FBI Agent Suspended Amid Espionage Allegations
NEW YORK (AP) _ A decorated FBI agent who took part in a discrimination lawsuit against the agency has been suspended and stripped of his security clearance amid allegations of espionage, it was reported today.
Colleagues of Fernando E. Mata, 48, told The New York Times that the allegations against the 15-year veteran and counterintelligence specialist are unjustified and that he appears to be a victim of retaliation for the lawsuit.
The newspaper reported that Mata, who is based in Miami, lost his clearance as a result of a three-year investigation.
FBI spokesman Robert Davenport in Washington confirmed only that Mata had been placed on administrative leave. He would not say why.
An FBI official who spoke to the Times on condition of anonymity said that ″no matter what you think of the FBI, it’s ridiculous to think″ the agency would retaliate by making such a serious allegation.
Mata aided in several major FBI investigations to counter spying by foreign countries. Co-workers said he risked his life in covert assignments.
An unidentified friend of Mata’s told the Times that the FBI claimed to have information that Cuban agents had approached Mata and sought to enlist him as a spy.

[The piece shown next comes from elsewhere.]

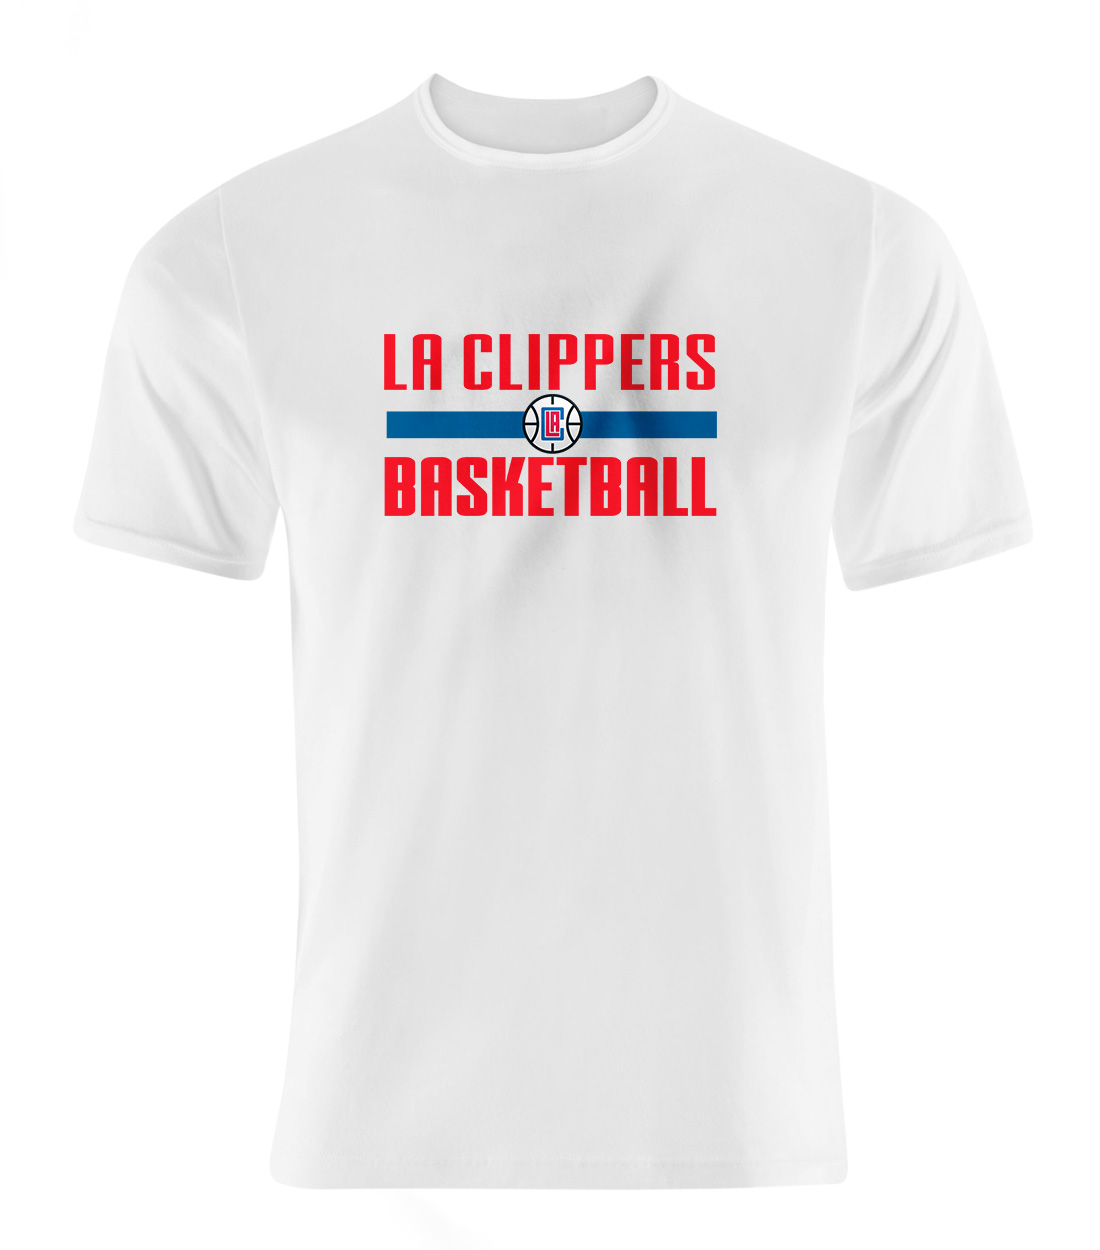 L.A. Clippers Basketball Tshirt (TSH-WHT-708)

An affidavit filed in the discrimination lawsuit in which Mata was a plaintiff showed Mata had requested psychiatric care after a traumatic stint as an undercover foreign counterintelligence agent, but that the FBI refused to grant security clearance to a psychiatrist outside the bureau.

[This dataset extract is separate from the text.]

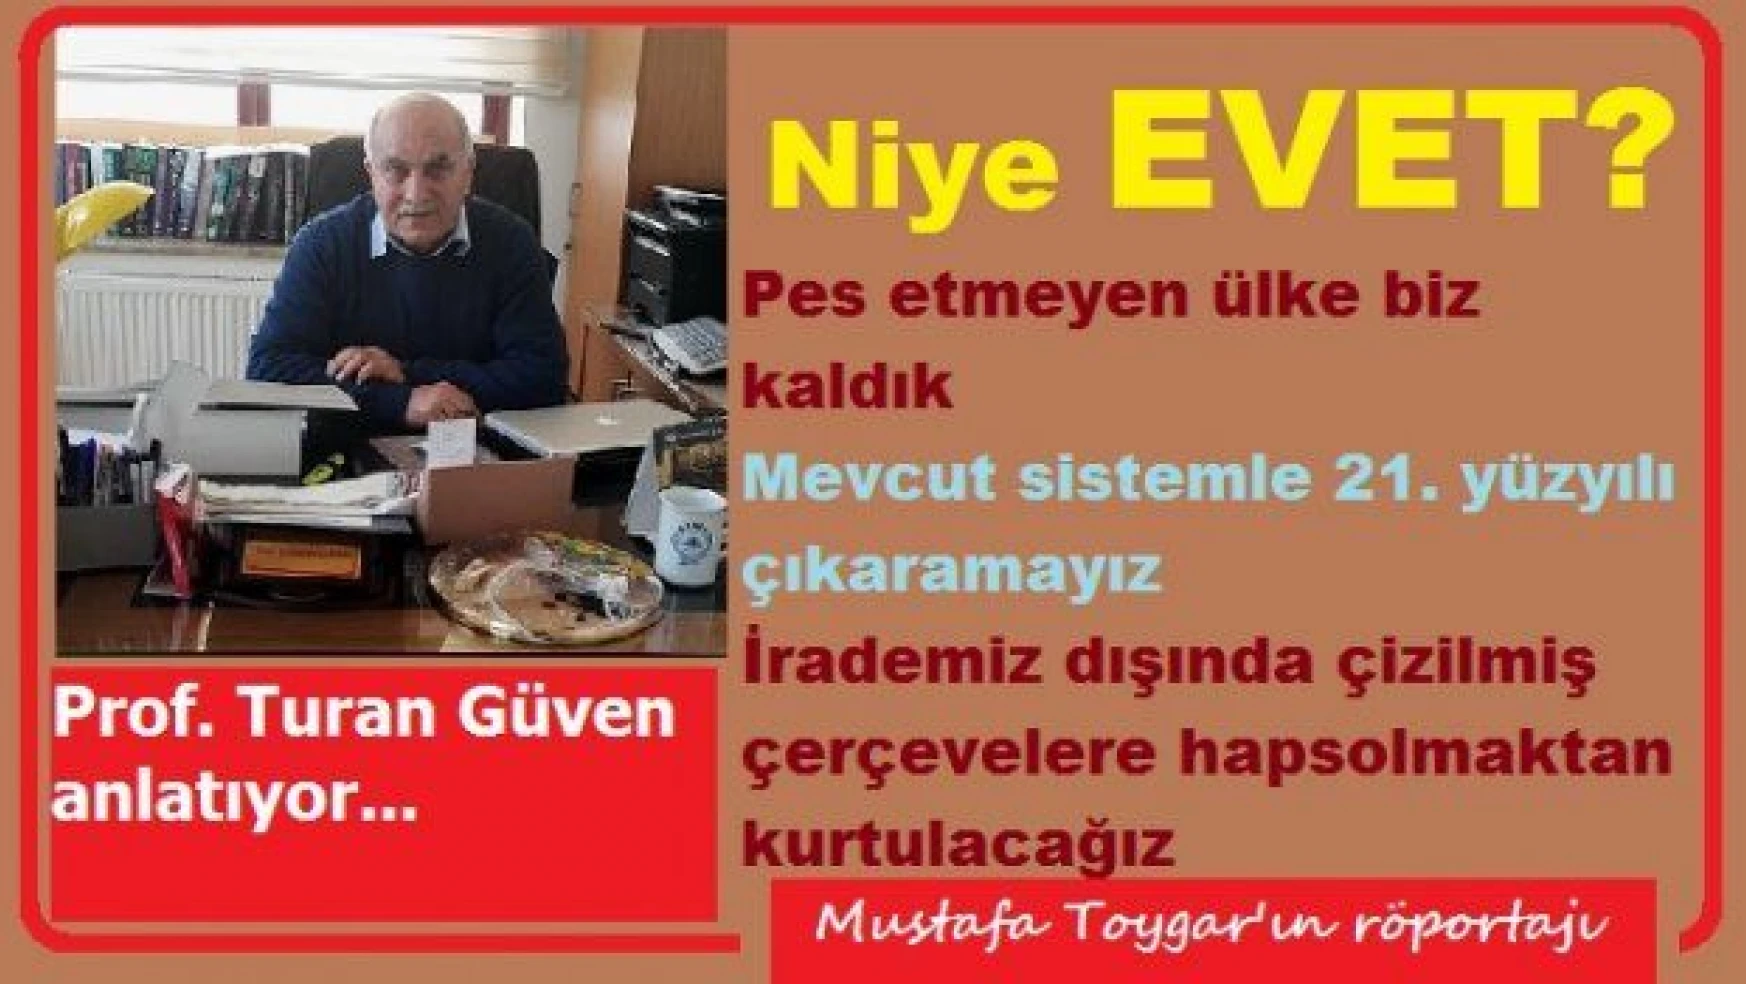 Prof. Turan Güven neden EVET diyor?

″What the bureau is doing to Fernando Mata is unspeakable,″ said Leo A. Gonzales, an FBI agent who retired last year. ″There’s no doubt in my mind that Fernando is a patriot and a loyal American.″
Gonzales told the Times that the allegations appeared to be a maneuver to force Mata out.

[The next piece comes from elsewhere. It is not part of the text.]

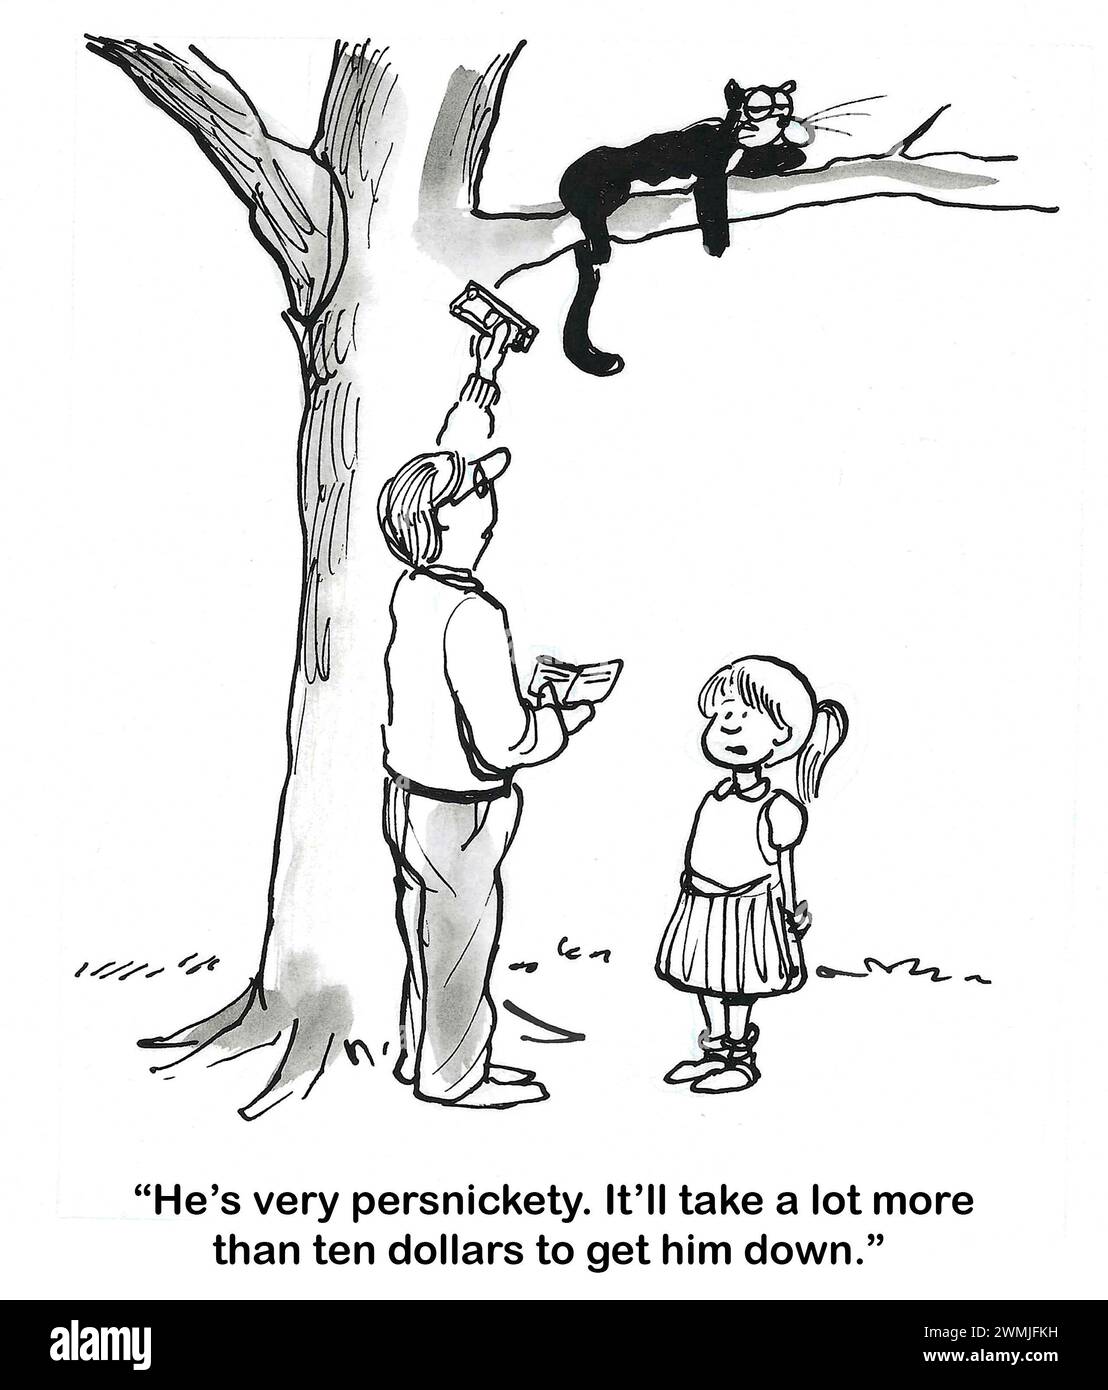 Dessin animé BW d'un chat sur une branche d'arbre haute. Le père offre au chat 10,00 $ pour descendre. Daugher dit "il faudra beaucoup plus". Banque D'Images

U.S. District Judge Lucius D. Bunton of El Paso, Texas, ruled in 1988 that the FBI had demonstrated a widespread pattern of discrimination against its Hispanic employees in both promotions and working conditions.
The FBI was ordered to make sweeping changes in its policies.
Mata’s attorney, Hugo A. Rodriguez, said Mata has been repeatedly questioned about the possibility of contacts with Cuban intelligence agents several years ago.
″They haven’t told us what he’s being charged with,″ said Rodriguez. ″He has not done anything wrong. He has not compromised the interests of his employer or the government.″
Rodriguez said it was unlikely Mata could be charged with espionage because he was granted limited immunity from prosecution in exchange for agreeing to undergo lie-detector tests and other questioning last year.
Mata in 1983 won the Attorney General’s Award, the highest award given by the Justice Department. Friends said the work that prompted the award is classified.